Kurtland Chua will present his FPO "Analyzing Meta-Learning in Supervised and Reinforcement Learning Settings" on Wednesday, April 30, 2025 at 2:00 PM in CS 401.

Location: CS 401

The members of Kurtland’s committee are as follows:

Examiners: Jason Lee (Adviser), Elad Hazan, Benjamin Eysenbach

Readers: Ryan Adams, Qi Lei (NYU)

A copy of his thesis is available upon request. Please email gradinfo@cs.princeton.edu if you would like a copy of the thesis.

Everyone is invited to attend his talk.

Abstract follows below:

Machine learning has recently seen widespread usage of large foundation models which, although highly expressive, are also prone to overfitting when trained on limited domain specific datasets. As such, training on larger but indirectly relevant datasets to extract useful representations, and more generally meta-learning, has proven to be key for using these models in data-sparse settings. This dissertation presents a theoretical study of the assumptions underlying meta-learning, focusing on two settings:

Meta-Supervised Learning: Prior work has analyzed the statistical complexity of learning a fixed representation for several regression tasks. However, methods in practice, including popular gradient-based approaches like MAML, fine-tune representations for each task. As such, we performed the first theoretical study of fine-tuning-based representation learning. Firstly, we derive sample complexity bounds on a representative procedure applied to a generic class of representations. Secondly, we establish a sample complexity separation between using fine-tunable and fixed representations, illustrating when fine-tuning is preferable.

Meta-Reinforcement Learning (RL): Many notions of shared task structure exist for meta-RL, including broadly useful “options” as in hierarchical RL (HRL).

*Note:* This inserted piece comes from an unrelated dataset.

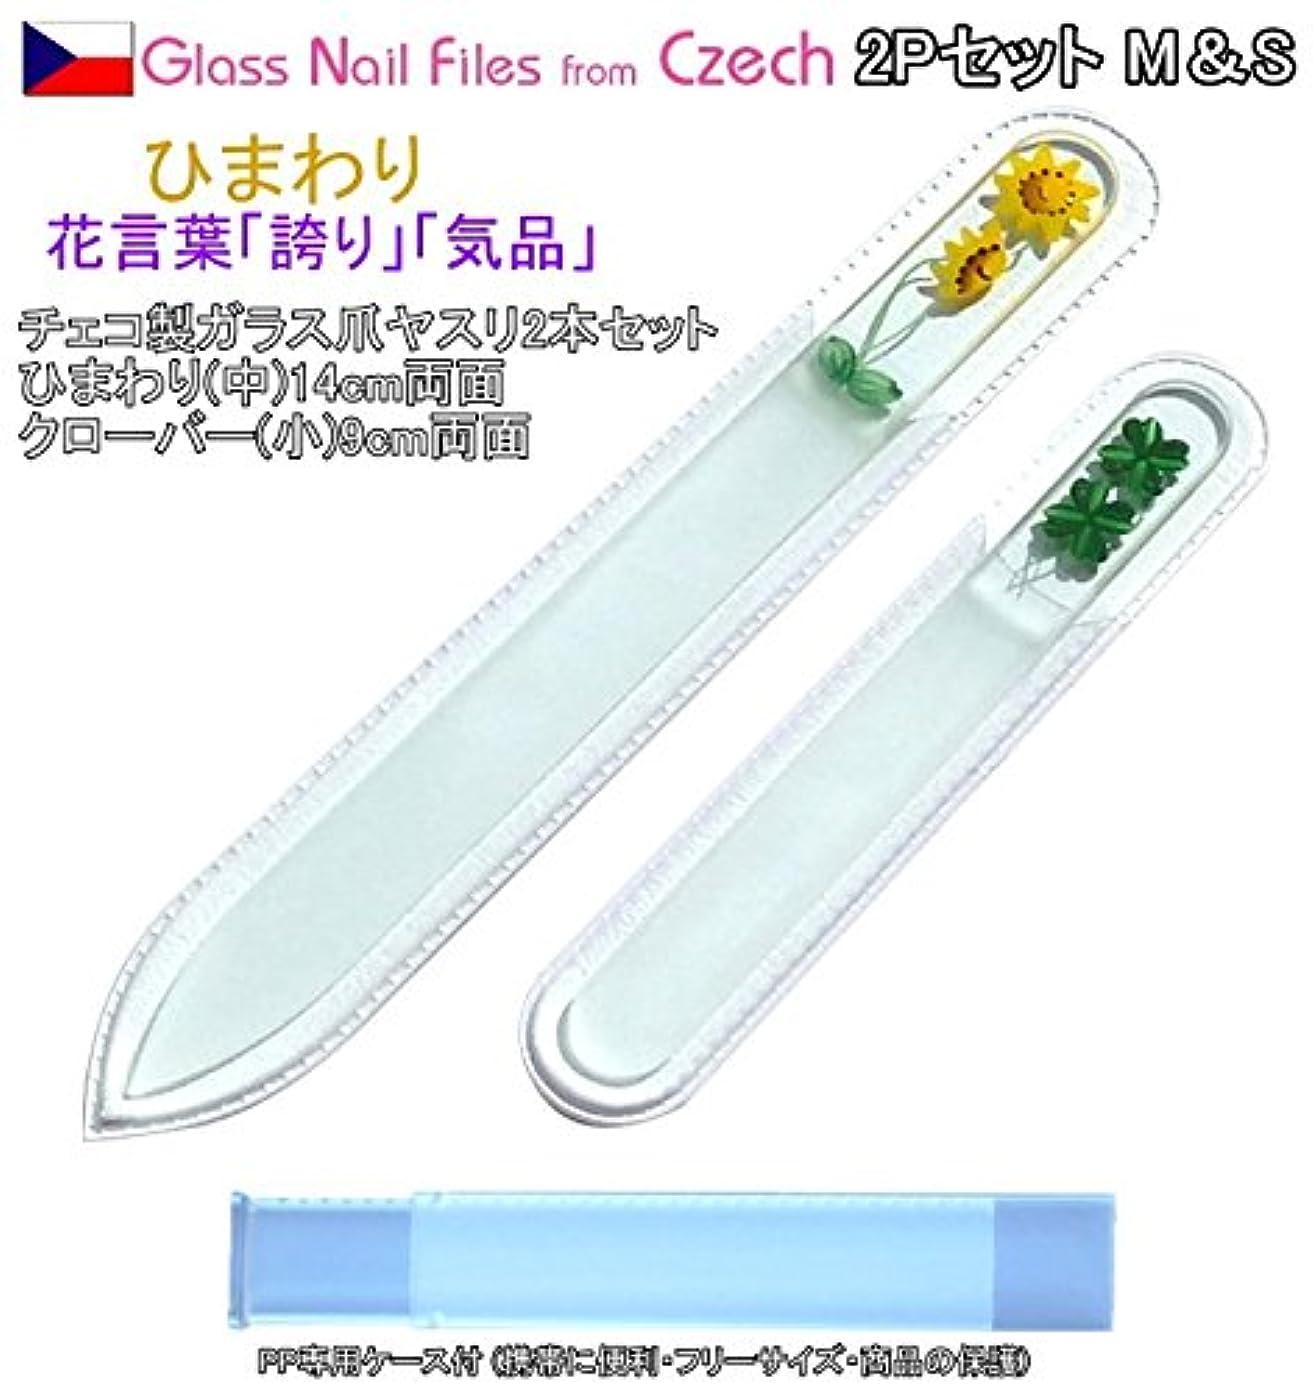 花異形協力的BISON チェコ製ガラス爪ヤスリ ひまわり 2本セット 14cm&9cm ミニクローバー 両面仕上げ 専用ケース付

However, prior HRL regret bounds assume that the hierarchical structure is known a priori. To bridge this gap, we construct a notion of hierarchical structure that is provably recoverable under appropriate “coverage conditions”. Secondly, we show that the recovered hierarchy can be used to achieve downstream task regret exponentially better than minimax, under mild assumptions. These conditions encode notions such as temporal and state/action abstractions, suggesting that our analysis captures important aspects of HRL in practice.